Oh the smell of Christmas was upon us! It didn’t feel exactly the same this year though. Maybe it was the warmer than normal weather but maybe it was because so many things were in the middle of changing but what I did know that this was the first year in so many that I was happy!
I shopped, I wrapped, I smiled, we took so many pictures, we laughed, and most of all we didn’t really cry! As each passing day came and went things were really starting to settle in.
Work is chugging along and finding that groove and fast pace again was making everything seem more like home. That light keeps beaming and showing it self telling me that I can juggle it all, that this will be a success and I can do it.

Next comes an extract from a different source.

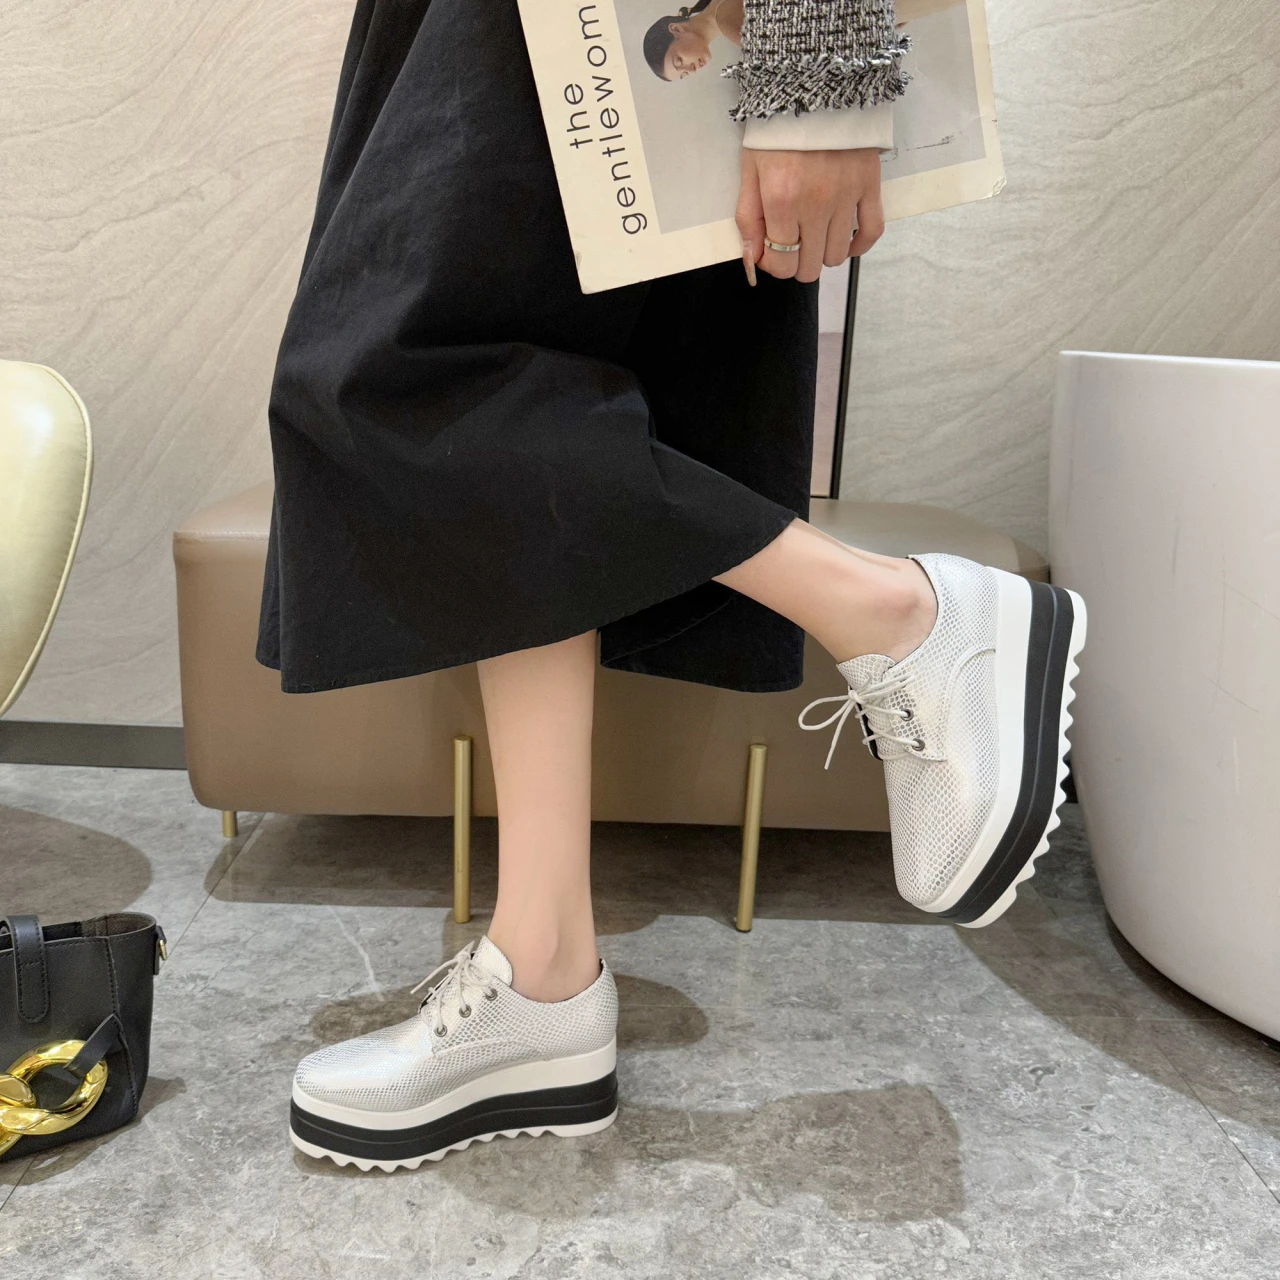 2023 Spring New Women Flat Platform Shoes Slip on Moccains Ladies Casual Shoes Woman Thick Sole Brogue Creepers Sneakers
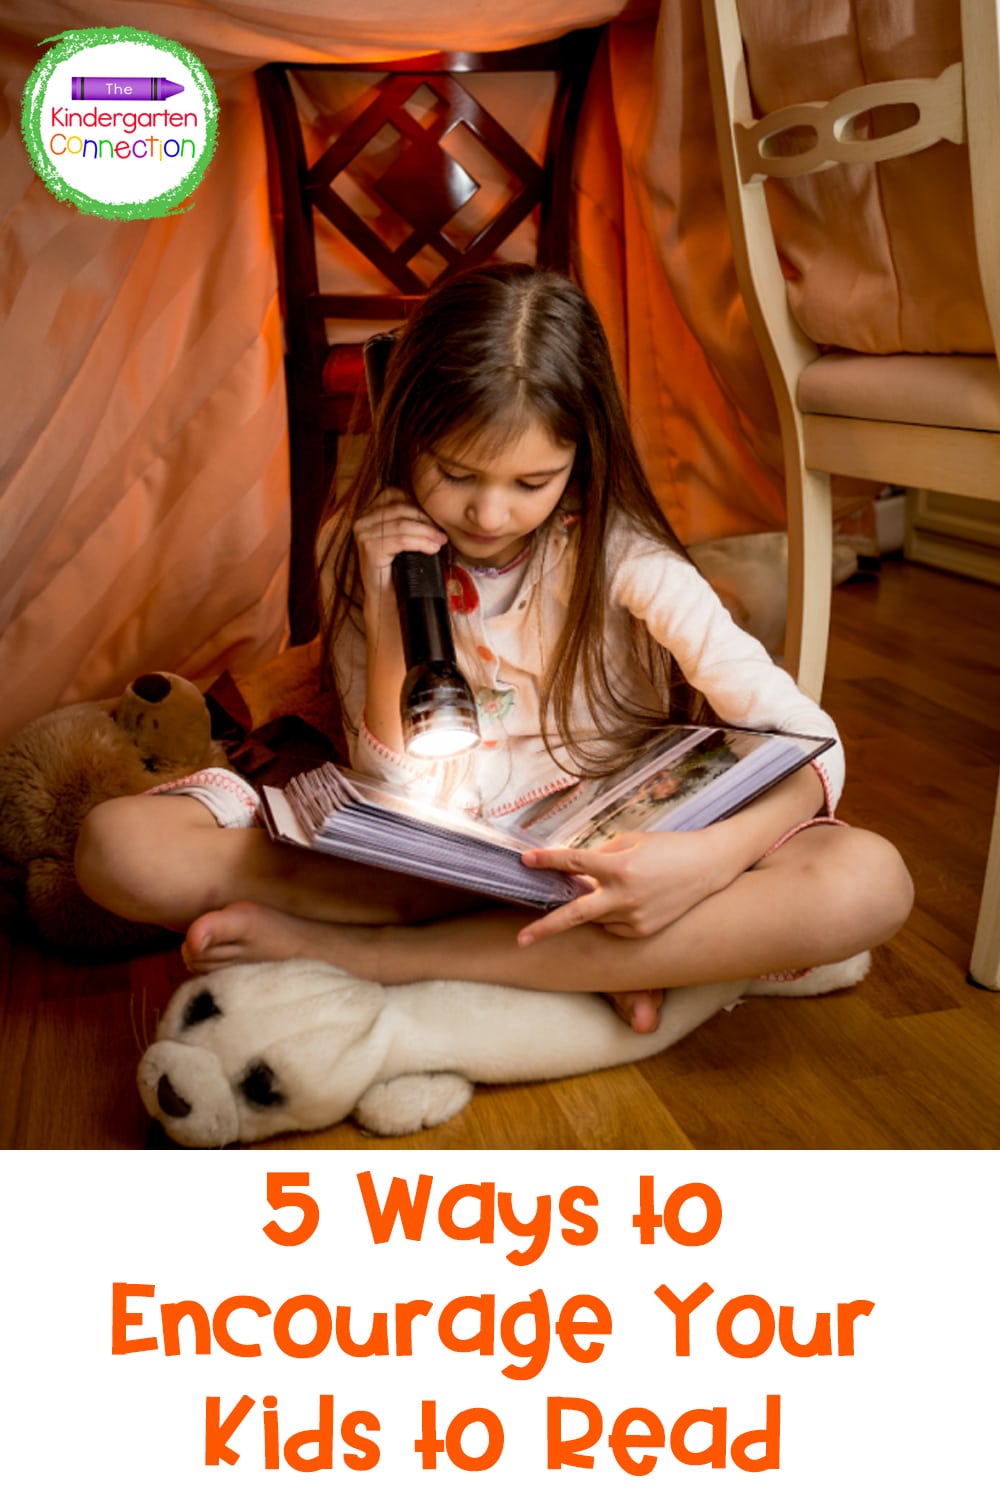 Let's be honest: some kids just don't like reading! Here are five ways to encourage reading, hopefully transforming a reluctant reader into a bookworm!

Have you ever wished a Christmas wish.. Well I never had until this year but all I kept wishing and dreaming for was for happiness and what was best for my son. I want to give him the world and show him all the great things he can achieve and that means fighting and pushing for the best for him. That is a battle that will never end, it will change direction and pace but it will be a life long journey.
Being able to provide and live the life that I see for us means finding that happiness, pushing myself to be the best possible person at work, and always remember his needs and wants. There will never be a day that those priorities aren’t clear and in my sights.
Make plans, write goals, believe, have faith, but most of all push! Each day is a push for a better life, each day is a new opportunity. Going through such life changes you really have to remember that you are given a new opportunity each and every day so you must use it to your full advantage!
Never once did I realize it would get as hard as it was about to get. Even though I was finding and feeling this great amount of happiness, that wasn’t okay to some and I soon would feel their push backs.
You must continue to believe and push!